**EXERCISE DETAILS**
Instruction for the data below: set down exactly the lines from the line with "Vlad Plahotniuc şi" to the line with "Dpk-irelandbike", inclusive, and no others.

[Start of Attachment]

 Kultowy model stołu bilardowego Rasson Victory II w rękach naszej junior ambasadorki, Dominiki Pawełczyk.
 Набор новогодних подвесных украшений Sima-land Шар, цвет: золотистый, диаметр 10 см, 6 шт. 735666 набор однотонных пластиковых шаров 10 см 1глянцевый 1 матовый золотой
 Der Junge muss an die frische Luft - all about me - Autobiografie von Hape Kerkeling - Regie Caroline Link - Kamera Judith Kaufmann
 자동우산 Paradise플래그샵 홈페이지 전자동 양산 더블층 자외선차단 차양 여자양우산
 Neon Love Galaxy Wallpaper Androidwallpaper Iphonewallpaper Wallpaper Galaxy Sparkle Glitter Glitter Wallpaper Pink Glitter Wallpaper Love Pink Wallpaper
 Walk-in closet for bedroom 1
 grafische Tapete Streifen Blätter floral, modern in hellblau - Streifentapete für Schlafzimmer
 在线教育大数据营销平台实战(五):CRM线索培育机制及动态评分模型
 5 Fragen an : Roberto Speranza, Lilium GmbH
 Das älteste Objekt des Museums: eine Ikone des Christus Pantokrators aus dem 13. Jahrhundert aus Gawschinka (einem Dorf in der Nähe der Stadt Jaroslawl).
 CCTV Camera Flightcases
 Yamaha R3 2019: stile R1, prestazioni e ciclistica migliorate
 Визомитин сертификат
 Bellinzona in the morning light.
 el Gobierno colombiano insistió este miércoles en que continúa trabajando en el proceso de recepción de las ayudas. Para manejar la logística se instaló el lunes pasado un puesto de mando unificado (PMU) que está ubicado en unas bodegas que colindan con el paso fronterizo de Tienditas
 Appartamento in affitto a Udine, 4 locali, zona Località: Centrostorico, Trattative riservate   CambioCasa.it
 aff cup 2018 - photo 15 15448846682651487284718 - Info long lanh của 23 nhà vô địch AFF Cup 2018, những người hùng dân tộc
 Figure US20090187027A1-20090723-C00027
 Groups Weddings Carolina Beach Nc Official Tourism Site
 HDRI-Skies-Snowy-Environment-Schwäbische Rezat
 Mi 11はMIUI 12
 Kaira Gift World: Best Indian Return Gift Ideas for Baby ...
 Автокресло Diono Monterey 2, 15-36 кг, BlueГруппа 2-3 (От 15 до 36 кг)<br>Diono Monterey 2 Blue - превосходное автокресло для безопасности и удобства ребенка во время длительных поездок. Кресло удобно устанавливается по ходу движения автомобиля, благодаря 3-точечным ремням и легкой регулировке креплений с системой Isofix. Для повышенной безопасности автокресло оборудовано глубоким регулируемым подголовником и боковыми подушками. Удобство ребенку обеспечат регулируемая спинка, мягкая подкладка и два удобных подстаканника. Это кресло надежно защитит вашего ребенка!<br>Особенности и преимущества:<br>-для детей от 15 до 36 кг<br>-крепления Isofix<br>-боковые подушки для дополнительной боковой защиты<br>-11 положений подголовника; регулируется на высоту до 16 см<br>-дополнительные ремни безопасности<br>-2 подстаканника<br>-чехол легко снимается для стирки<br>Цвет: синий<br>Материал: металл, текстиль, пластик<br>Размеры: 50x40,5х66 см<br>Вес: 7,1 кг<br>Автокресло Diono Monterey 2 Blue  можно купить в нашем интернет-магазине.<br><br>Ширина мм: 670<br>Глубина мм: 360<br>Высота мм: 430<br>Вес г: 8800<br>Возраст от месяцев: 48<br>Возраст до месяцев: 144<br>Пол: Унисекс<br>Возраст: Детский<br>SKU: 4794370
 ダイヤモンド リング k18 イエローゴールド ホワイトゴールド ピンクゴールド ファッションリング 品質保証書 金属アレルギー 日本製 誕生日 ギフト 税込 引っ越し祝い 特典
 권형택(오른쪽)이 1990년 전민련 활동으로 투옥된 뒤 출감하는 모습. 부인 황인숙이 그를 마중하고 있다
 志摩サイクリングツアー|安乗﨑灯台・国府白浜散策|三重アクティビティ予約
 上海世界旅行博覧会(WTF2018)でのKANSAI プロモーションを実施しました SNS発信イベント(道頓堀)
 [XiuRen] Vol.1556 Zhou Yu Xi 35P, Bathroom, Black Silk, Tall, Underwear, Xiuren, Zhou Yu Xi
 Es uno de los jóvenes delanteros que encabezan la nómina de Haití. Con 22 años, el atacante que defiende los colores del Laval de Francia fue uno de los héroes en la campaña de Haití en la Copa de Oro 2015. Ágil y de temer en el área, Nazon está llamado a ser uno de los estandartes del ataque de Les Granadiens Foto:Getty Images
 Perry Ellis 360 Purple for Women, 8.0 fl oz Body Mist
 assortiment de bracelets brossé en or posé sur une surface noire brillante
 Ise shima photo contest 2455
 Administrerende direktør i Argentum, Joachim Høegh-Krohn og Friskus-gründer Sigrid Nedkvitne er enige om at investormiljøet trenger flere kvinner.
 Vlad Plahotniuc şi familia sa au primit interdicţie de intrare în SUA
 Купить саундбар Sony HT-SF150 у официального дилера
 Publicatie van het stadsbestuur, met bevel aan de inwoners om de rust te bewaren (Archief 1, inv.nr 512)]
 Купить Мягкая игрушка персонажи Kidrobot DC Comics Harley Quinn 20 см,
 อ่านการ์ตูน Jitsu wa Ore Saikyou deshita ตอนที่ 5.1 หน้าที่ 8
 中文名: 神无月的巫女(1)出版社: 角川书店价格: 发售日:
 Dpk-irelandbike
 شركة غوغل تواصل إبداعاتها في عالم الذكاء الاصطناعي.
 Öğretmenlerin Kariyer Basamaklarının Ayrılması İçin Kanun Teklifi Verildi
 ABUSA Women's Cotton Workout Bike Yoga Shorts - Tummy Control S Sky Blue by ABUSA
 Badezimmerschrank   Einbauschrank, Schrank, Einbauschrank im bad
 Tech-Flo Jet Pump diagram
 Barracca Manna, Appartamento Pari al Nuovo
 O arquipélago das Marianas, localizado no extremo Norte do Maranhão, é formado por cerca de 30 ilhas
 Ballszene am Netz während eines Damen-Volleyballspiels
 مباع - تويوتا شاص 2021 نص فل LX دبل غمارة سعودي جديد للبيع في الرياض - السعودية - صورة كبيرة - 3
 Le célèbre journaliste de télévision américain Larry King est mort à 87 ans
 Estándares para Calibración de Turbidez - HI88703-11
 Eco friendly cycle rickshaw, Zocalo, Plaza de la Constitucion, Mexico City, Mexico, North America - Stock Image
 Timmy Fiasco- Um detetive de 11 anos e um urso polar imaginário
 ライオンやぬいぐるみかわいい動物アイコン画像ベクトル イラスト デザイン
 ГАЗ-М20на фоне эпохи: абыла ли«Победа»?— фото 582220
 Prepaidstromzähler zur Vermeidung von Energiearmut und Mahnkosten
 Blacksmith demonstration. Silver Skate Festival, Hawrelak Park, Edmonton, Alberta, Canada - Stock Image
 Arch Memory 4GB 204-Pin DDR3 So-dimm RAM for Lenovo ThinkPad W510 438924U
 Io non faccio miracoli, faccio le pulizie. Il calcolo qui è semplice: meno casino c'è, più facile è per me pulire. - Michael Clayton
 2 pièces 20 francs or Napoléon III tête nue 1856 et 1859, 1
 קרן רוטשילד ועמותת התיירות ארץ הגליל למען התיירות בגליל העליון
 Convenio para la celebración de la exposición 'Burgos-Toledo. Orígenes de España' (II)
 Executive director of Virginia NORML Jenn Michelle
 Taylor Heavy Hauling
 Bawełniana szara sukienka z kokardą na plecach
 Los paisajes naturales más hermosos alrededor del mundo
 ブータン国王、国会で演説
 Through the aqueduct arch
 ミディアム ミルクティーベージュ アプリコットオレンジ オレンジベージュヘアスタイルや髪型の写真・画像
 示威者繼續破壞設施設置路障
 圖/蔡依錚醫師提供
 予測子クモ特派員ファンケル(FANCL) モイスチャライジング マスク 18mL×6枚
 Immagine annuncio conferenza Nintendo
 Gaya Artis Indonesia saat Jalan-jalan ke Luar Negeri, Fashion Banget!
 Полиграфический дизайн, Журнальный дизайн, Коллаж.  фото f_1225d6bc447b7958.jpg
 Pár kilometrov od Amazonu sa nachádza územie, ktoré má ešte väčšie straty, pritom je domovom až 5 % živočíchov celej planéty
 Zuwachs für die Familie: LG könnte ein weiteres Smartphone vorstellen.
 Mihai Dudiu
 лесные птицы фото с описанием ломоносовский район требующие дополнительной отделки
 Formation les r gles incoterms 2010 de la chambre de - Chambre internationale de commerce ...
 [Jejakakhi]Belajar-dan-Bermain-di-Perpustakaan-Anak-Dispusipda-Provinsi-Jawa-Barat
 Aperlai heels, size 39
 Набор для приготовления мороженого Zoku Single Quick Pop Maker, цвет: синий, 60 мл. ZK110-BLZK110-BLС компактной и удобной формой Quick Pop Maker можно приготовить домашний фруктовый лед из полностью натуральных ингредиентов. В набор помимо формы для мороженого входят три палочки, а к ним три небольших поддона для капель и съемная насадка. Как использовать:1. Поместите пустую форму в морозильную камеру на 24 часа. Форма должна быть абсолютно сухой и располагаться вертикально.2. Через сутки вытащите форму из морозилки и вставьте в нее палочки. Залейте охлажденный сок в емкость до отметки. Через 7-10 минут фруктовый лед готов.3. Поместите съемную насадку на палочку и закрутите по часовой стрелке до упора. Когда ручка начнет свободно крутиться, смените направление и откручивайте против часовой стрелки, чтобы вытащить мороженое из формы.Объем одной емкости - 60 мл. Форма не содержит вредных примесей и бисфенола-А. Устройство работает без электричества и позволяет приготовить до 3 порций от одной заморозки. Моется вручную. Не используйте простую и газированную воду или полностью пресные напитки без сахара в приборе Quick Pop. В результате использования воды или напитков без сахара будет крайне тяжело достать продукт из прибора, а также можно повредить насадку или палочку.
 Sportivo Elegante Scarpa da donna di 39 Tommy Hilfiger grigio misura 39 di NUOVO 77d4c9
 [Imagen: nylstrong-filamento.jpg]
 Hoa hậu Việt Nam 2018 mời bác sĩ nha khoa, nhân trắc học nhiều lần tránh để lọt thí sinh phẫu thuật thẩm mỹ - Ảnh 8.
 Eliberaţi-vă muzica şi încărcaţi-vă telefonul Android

[End of Attachment]

**WRITTEN ANSWER**
 Vlad Plahotniuc şi familia sa au primit interdicţie de intrare în SUA
 Купить саундбар Sony HT-SF150 у официального дилера
 Publicatie van het stadsbestuur, met bevel aan de inwoners om de rust te bewaren (Archief 1, inv.nr 512)]
 Купить Мягкая игрушка персонажи Kidrobot DC Comics Harley Quinn 20 см,
 อ่านการ์ตูน Jitsu wa Ore Saikyou deshita ตอนที่ 5.1 หน้าที่ 8
 中文名: 神无月的巫女(1)出版社: 角川书店价格: 发售日:
 Dpk-irelandbike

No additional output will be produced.